Quizá la confusión avivada por este caso se habría despejado si, desde un
principio, se hubiese determinado sin ambages la titularidad del derecho que la
ley debe proteger. Se ha dicho que el juez ferrolano respaldó, desde un principio,
la voluntad de la adolescente; y, si este fue en verdad el motor de su actuación,
debemos concluir que contrarió su deber primordial.

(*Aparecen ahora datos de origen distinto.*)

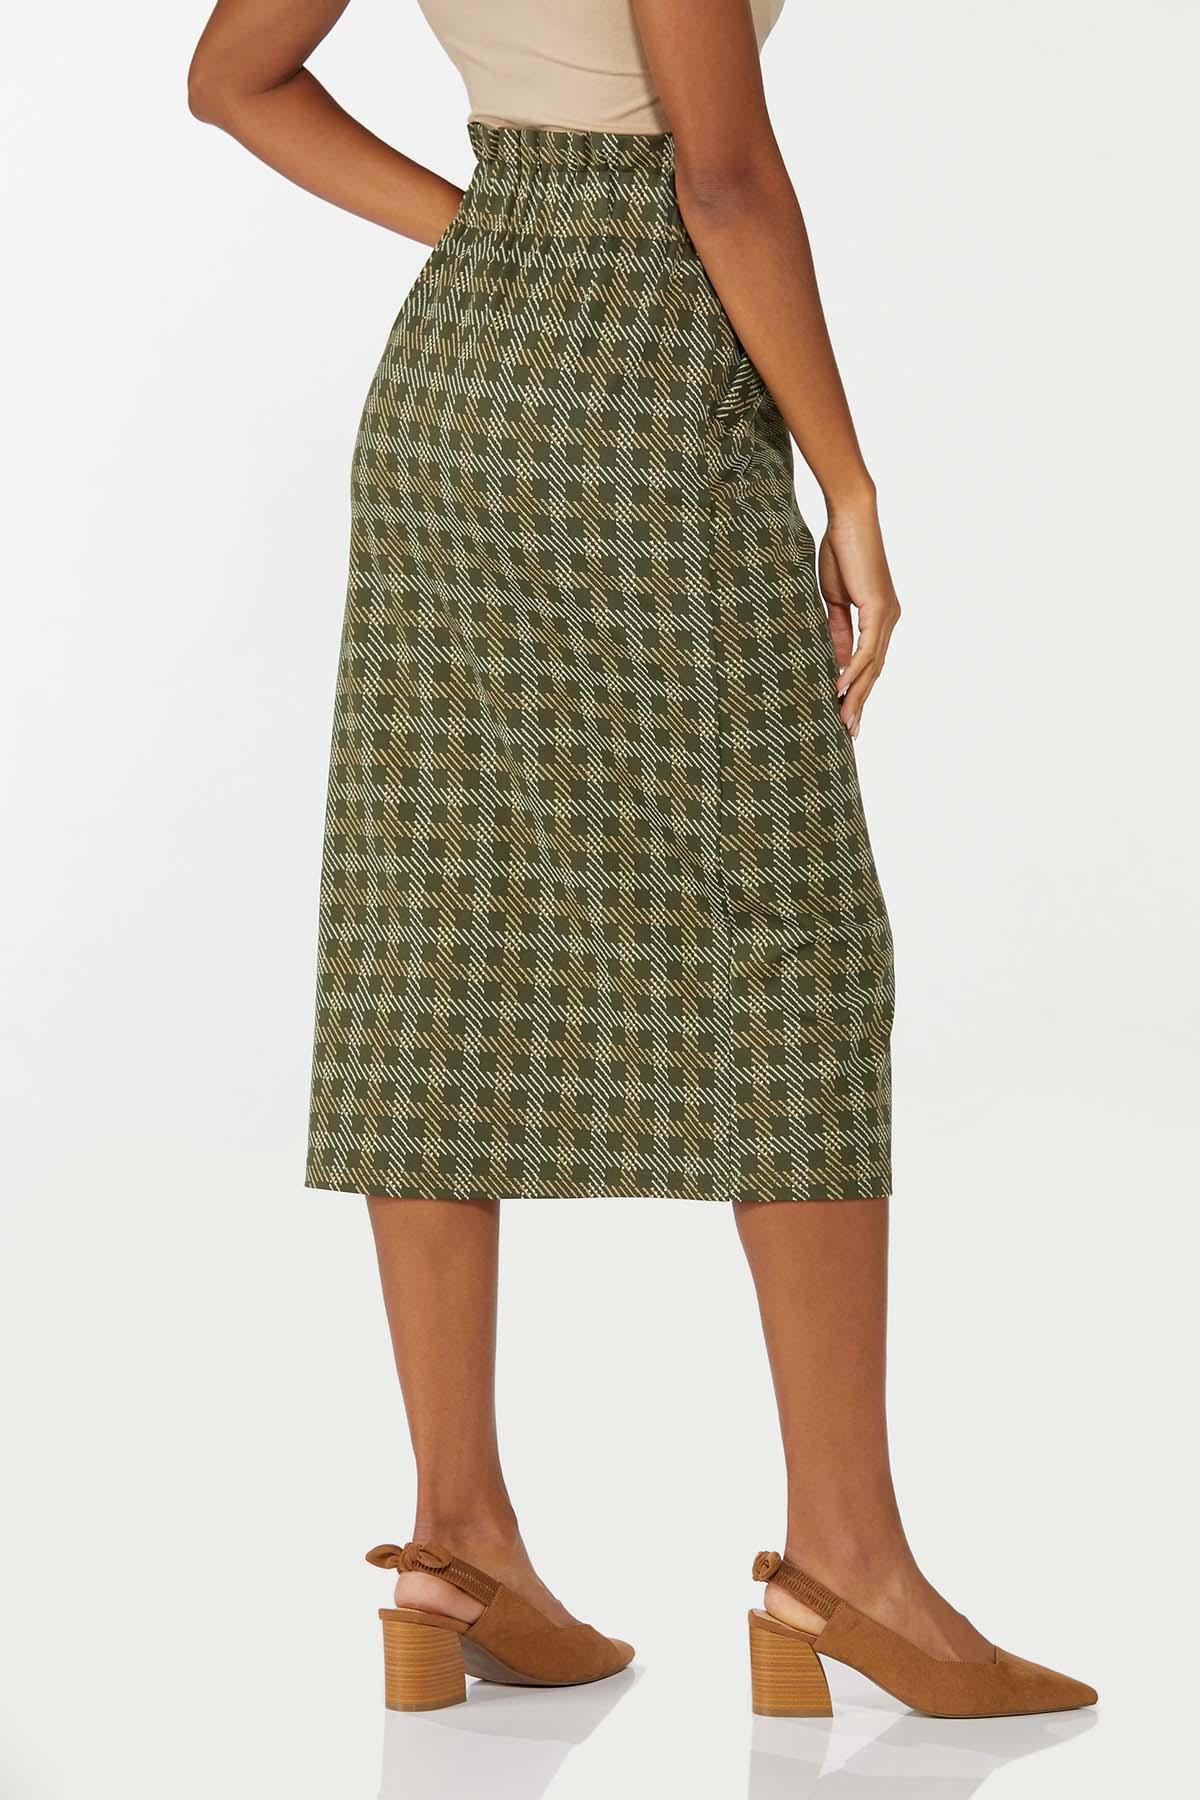 Ruffled Plaid Pencil Skirt (Item #44697011)
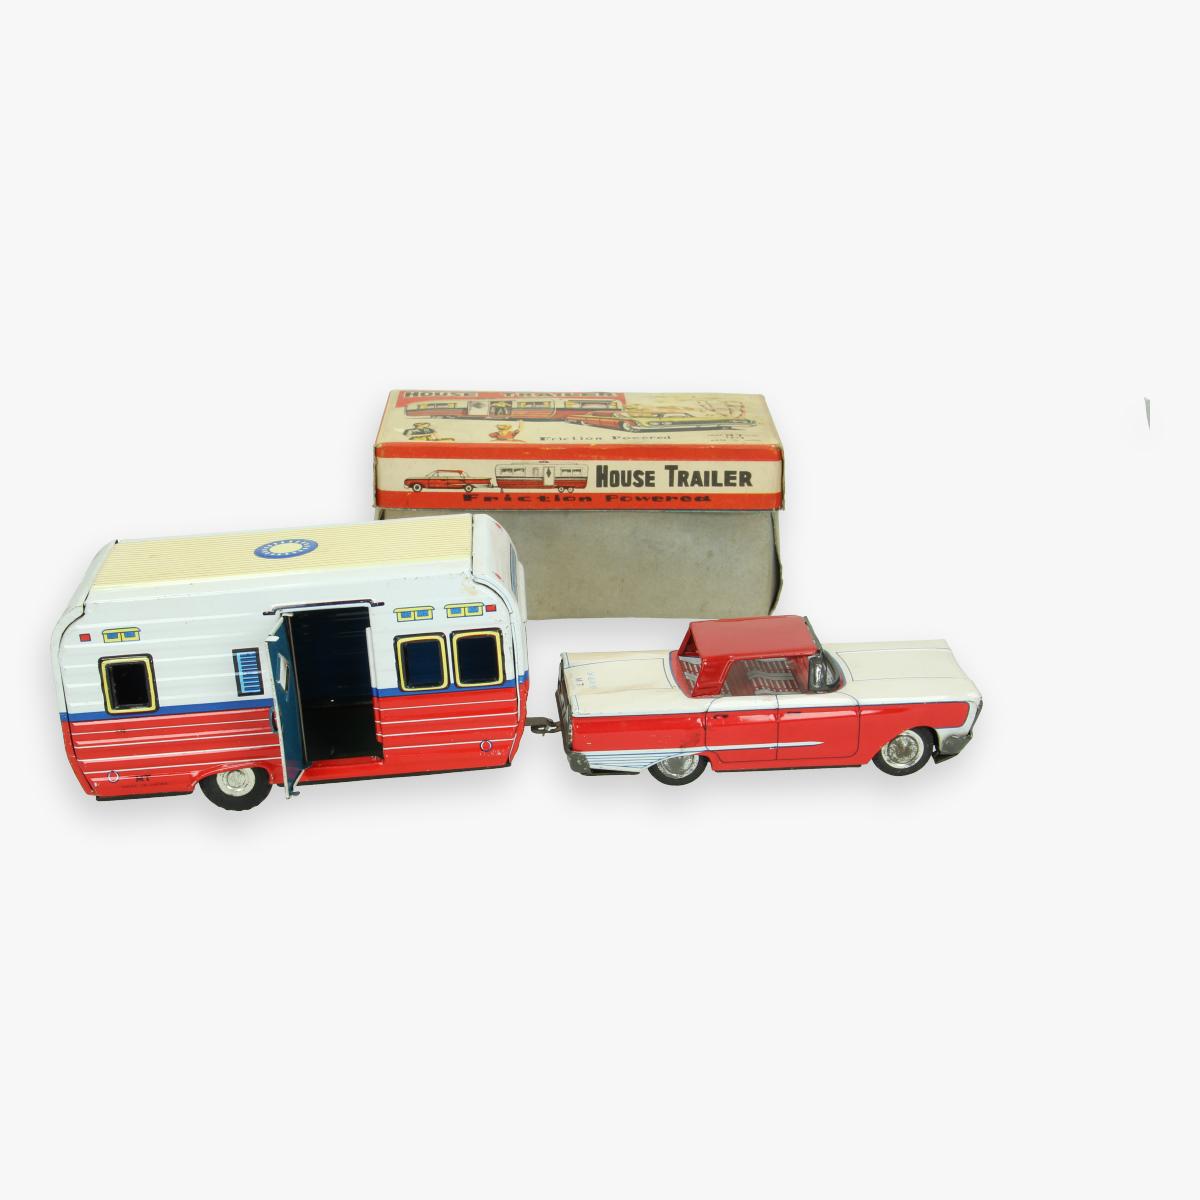 Afbeeldingen van tin toy friction powered . jaren 50 ''housetrailer'' made in japan masudaya zeer zeldzaam

Pues la misión de un juez,
en un supuesto de aborto, no consiste en amparar la voluntad de la embarazada,
sino en garantizar el derecho a la vida del nasciturus. Así, si la voluntad de la
adolescente hubiese sido la contraria, el juez -una vez comprobado que esa
voluntad no se acogía a ninguna de las tres excepciones que especifica la ley-
habría tenido la obligación de impedir la comisión de un delito, así como la de
alertar a la adolescente de las consecuencias penales de su acto. Sin la
consideración del nasciturus como sujeto de derechos que no pueden
supeditarse a la mera voluntad de terceros, cualquier resolución judicial -por
feliz que sea- queda rebajada a mero apaño o componenda. Antes que la
voluntad de los progenitores, o de la madre que los parió, se halla el derecho a la
vida del nasciturus. No se trata tan sólo de defender al más débil (tanto que ni
siquiera puede expresar su voluntad, puesto que aún no tiene voz); se trata de
respetar una elemental jerarquía jurídica.